Very good idea and execution. I think you could do a lot more interesting stuff than making it about horoscopes.

Also as a turing test you should make one and never reveal it's entirely automated until it develops a big following. Due to the speed of automation you could mass produce podcasts of different types until one sticks, then the ones gaining more traction put 10x more resources into, etc.

  • holdenc137OP 4 years ago

    I like your thinking :) I thought horoscopes (Because they are kind of repetitive) was a good first fit - because the scripts could be generated from stock fragments 'A chance encounter' etc...

    I think when the little glitches are ironed out of 'real' TTS - we'll be awash with generated content.

    • planetsprite 4 years ago

      I can imagine. Imagine a podcast generation system. You'd simply have to describe the personalities of the host(s), the topic, the general vibe of the theme music, length, hardcode any sponsors, and a GPT-4 powered MLops service could produce something liked by a list of demographics 8 times out of 10 in 5 minutes.

      There really is no stopping this train. In 2030 90% of internet content adopting the guise of being from the "real world" will be entirely generated by machine learning models. 90% of conversations you have with strangers online will likewise be with bots catered to influence you in subtle ways to maximize the return on revenue of your attention.

      • holdenc137OP 4 years ago

        In a parallel to email spam-bots, we get personal agents which (by your choice) filter out the generated content and make sure you only get the real deal.

        The fight is real.

        • planetsprite 4 years ago

          This battle between bots and detectors will consume 99% of computer resources by then. Total GANnihilation.

arrmn 4 years ago

Can you elaborate more on the TTS? Did you prerecord fragments (how many did you actually do?) and you just stich them together? So there is a may.mp3, 22.mp3 and your scripts just puts them together?

  • holdenc137OP 4 years ago

    Sure.

    For dates etc - you got it. I think from memory it would be 'Wednesday' + 'the 18th' + 'of' + 'may...' + '20' + '22'

    For the narrative speech it would be more words in a file. There are plenty of files (EDIT: just checked 350ish files that cover all the variations of script that can be generated at the moment)

    In general the TTS - part of the project is the 'art of the almost possible' (if TTS engines sounded really good - I'd have just used one of the shelf)

    • arrmn 4 years ago

      How did you come up with the initial list of phrases?

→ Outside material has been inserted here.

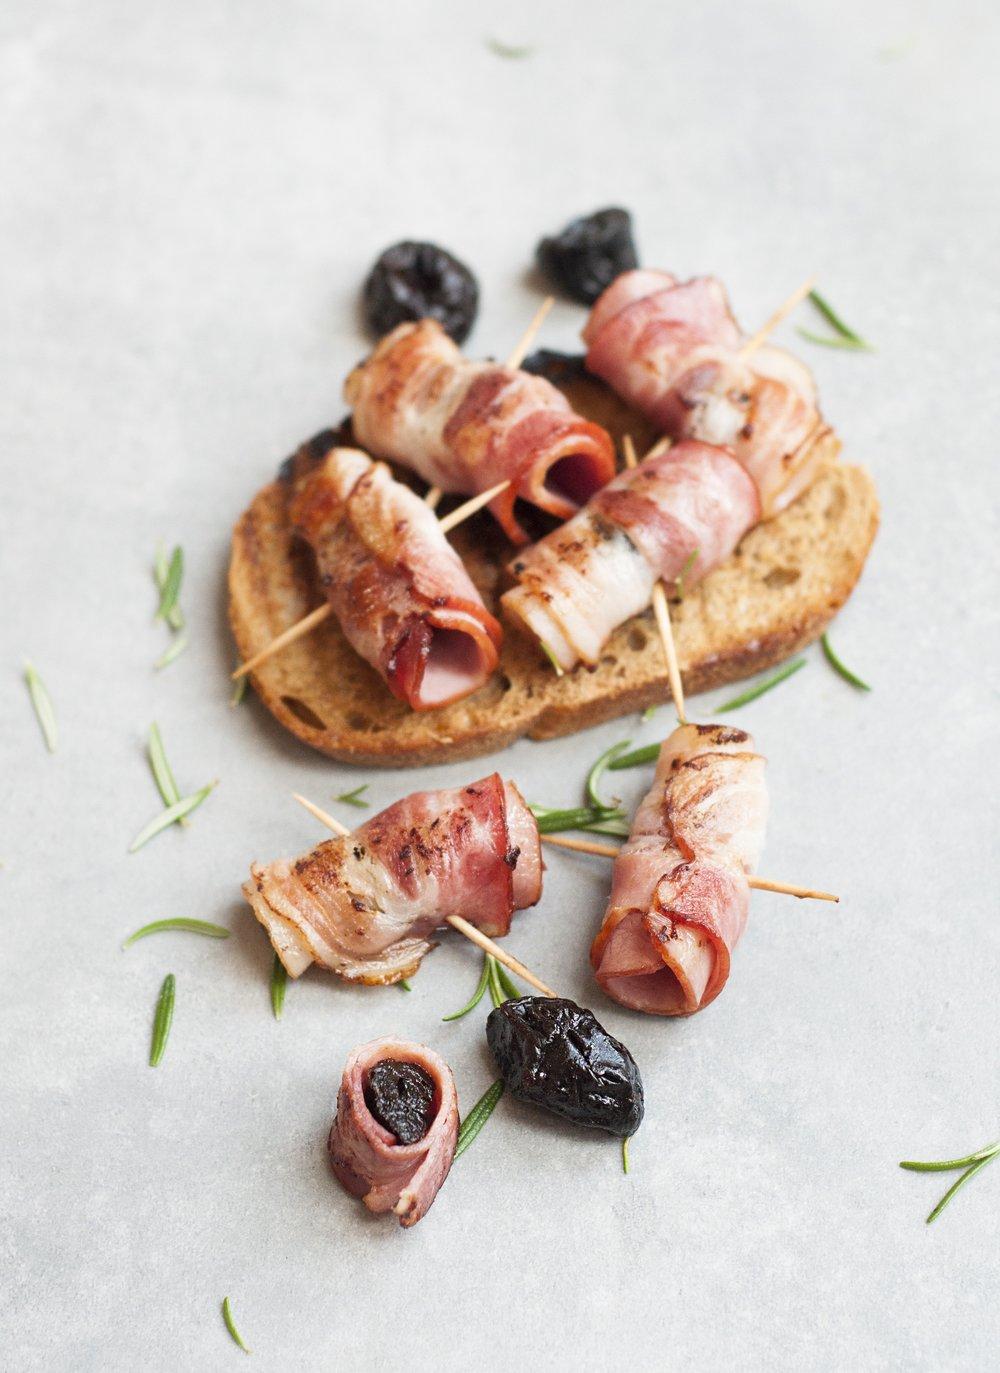 appetizer-bacon-bread-434283.jpg
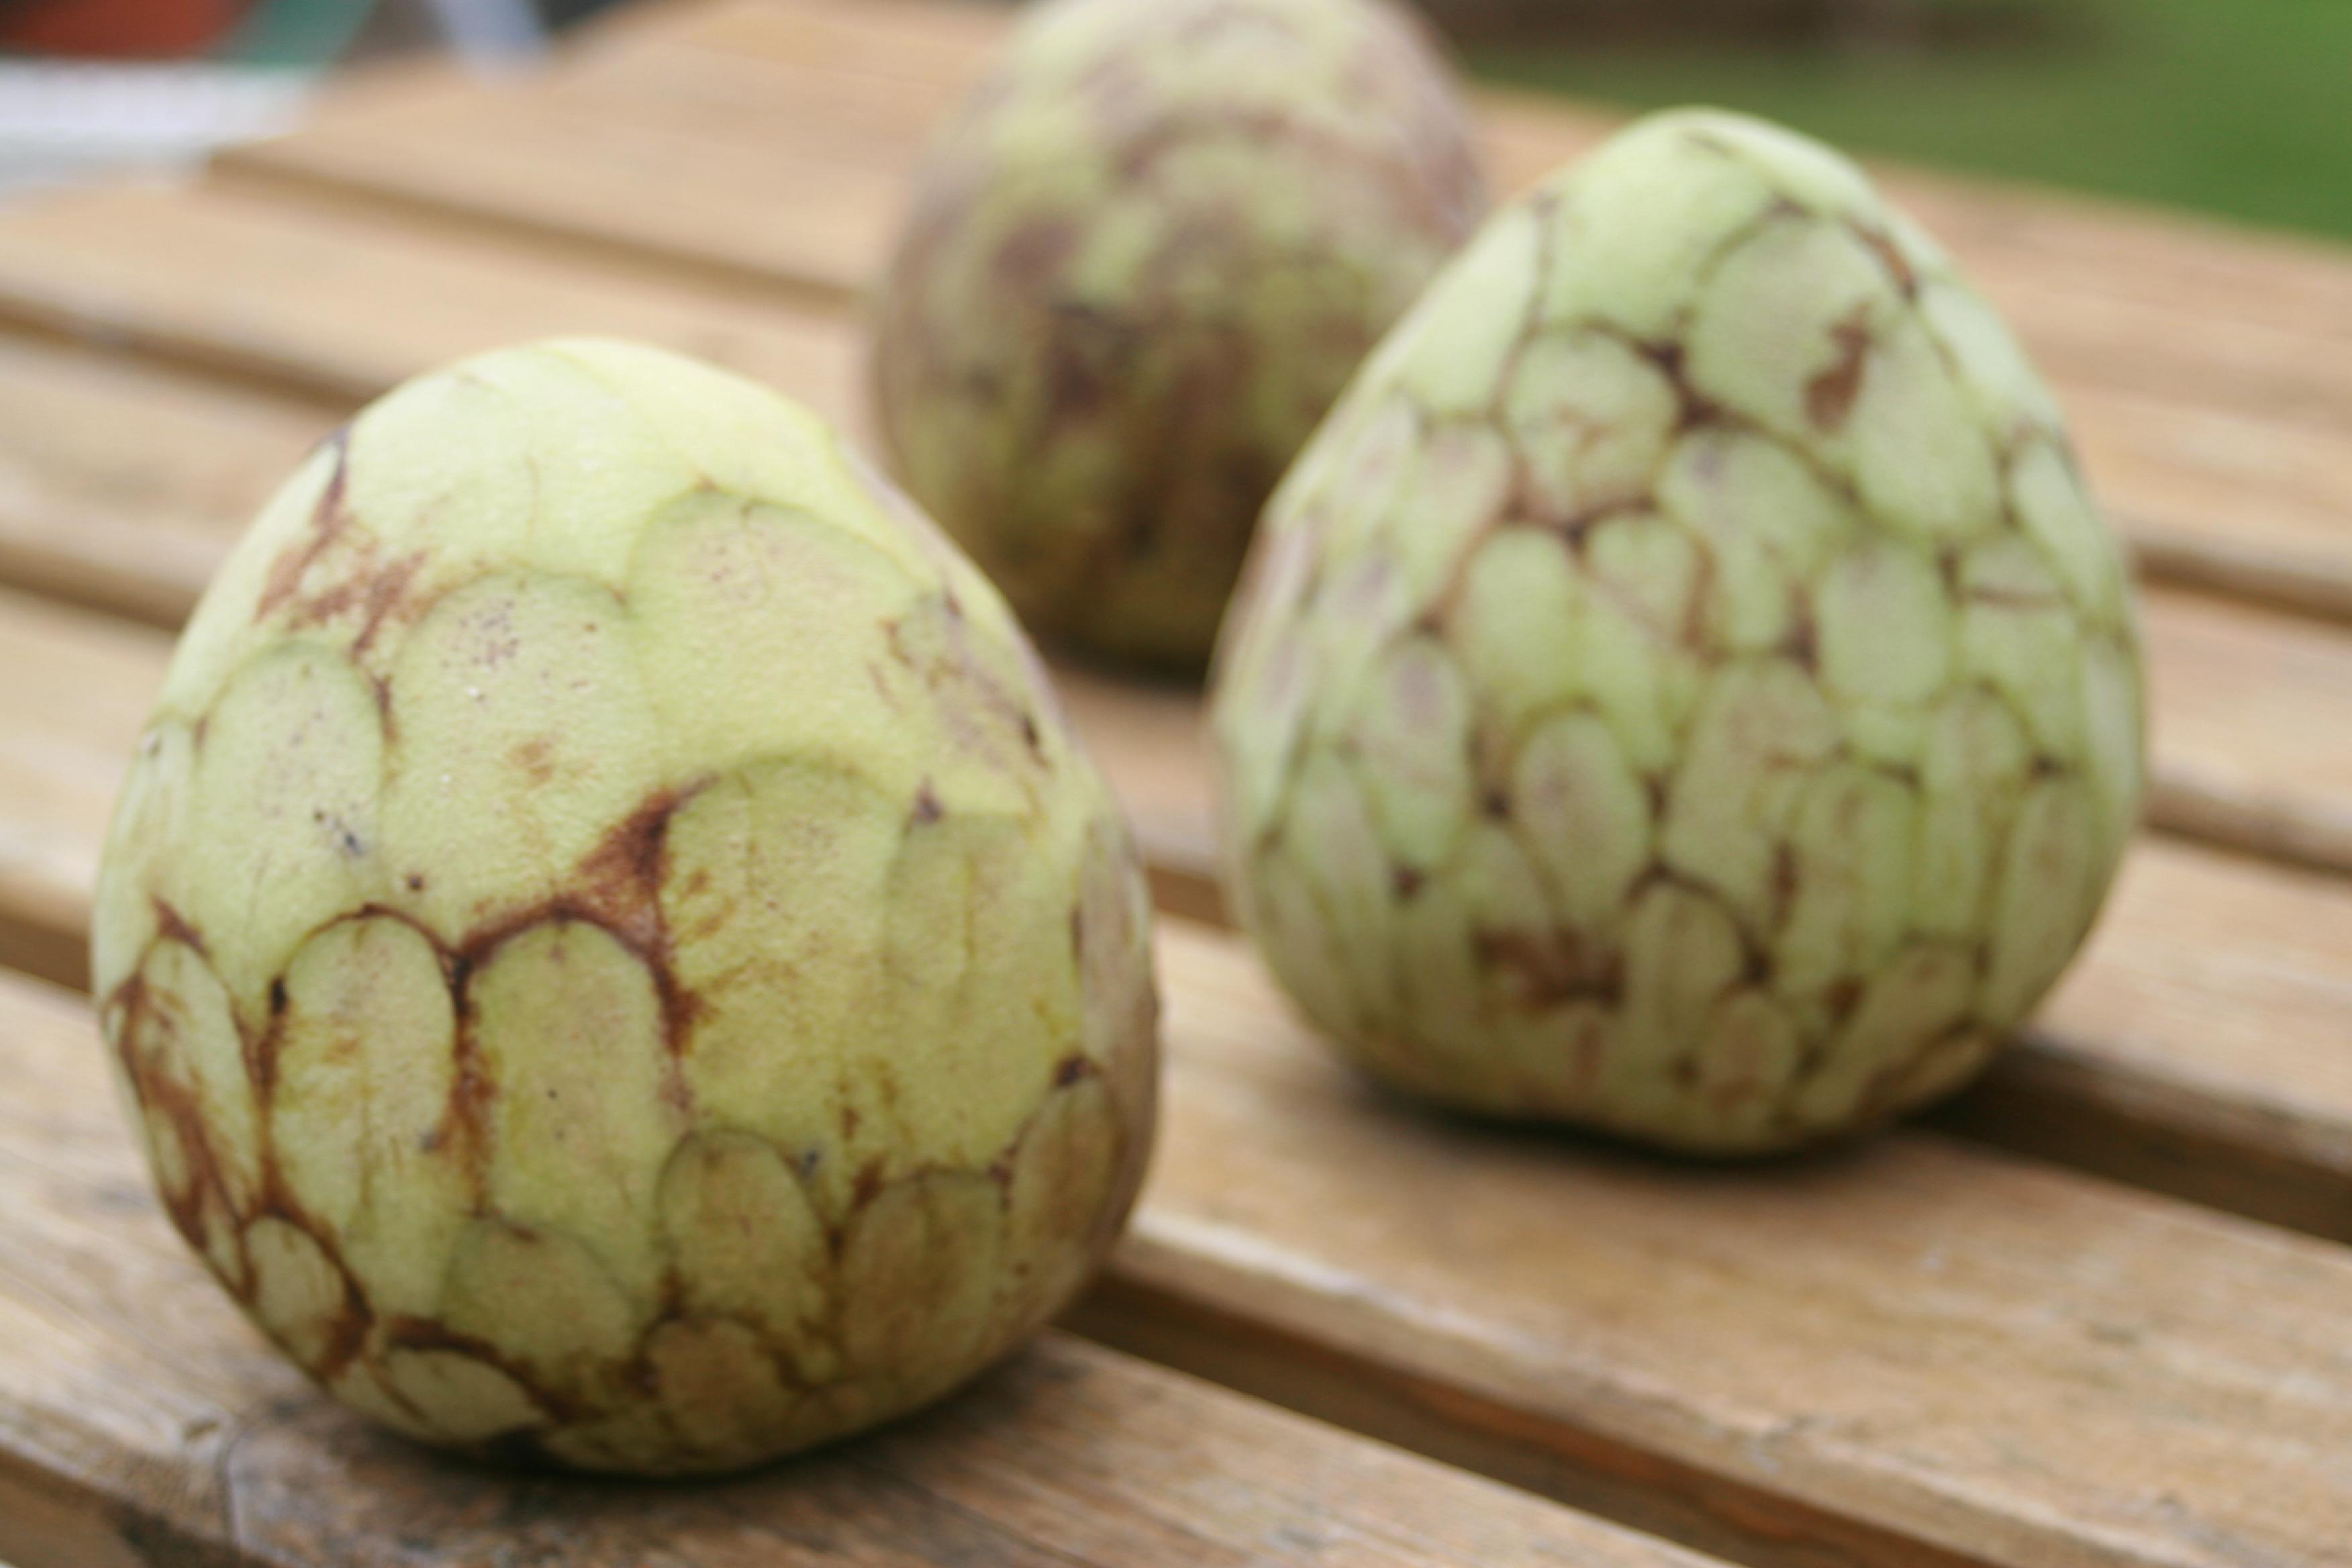 jamaican custard apple - photo #20

Did you do some kind of analysis of other horoscopes?

      • holdenc137OP 4 years ago

        Listened to a few podcasts, read a few - then tried to come up with some combinations that (I hoped) were funny :)

        Here's all of the current 'starts' for the main prediction:

        (Note they're all pretty non commital - so anything could come next)

        A bite from a wild animal

        A financial matter coming to a head

        Completion of a long delayed task

        A seemingly generous gesture

        A sudden realisation

        An agreement with a headstrong peer

        An unavoidable slowdown

        Being pulled between two emotional options

        A sudden eruption of feelings

        Investigating a proverbial - light in the woods

        Involvement with a purely privte project

        Making peace with the past

        The chance of a big win

        Todays socialising

suprjami 4 years ago

This makes me dread that soon many other podcasts will be automated like this, and it'll be orders of magnitude more difficult to find good content than it already is.

  • jclos 4 years ago

    One person's dread will be another's business opportunity - is there any good search engine/recommender system for podcasts?

  • holdenc137OP 4 years ago

    Time to start lobbying for a 'generated'=true/false flag on RSS feeds?

    Also, I promise to only churn out inane content for LOLs.

Li7h 4 years ago

You have a text error in the description. A daily horoscope podcast for Aquariums. Also the episode for May 22nd narrates the date as April 22nd. But I love this concept. Is this an AI speech engine or pre recorded snippets? Where did you get the text snippets from? Have you thought of incorporating GPT-3 into your horoscopes ala co-star?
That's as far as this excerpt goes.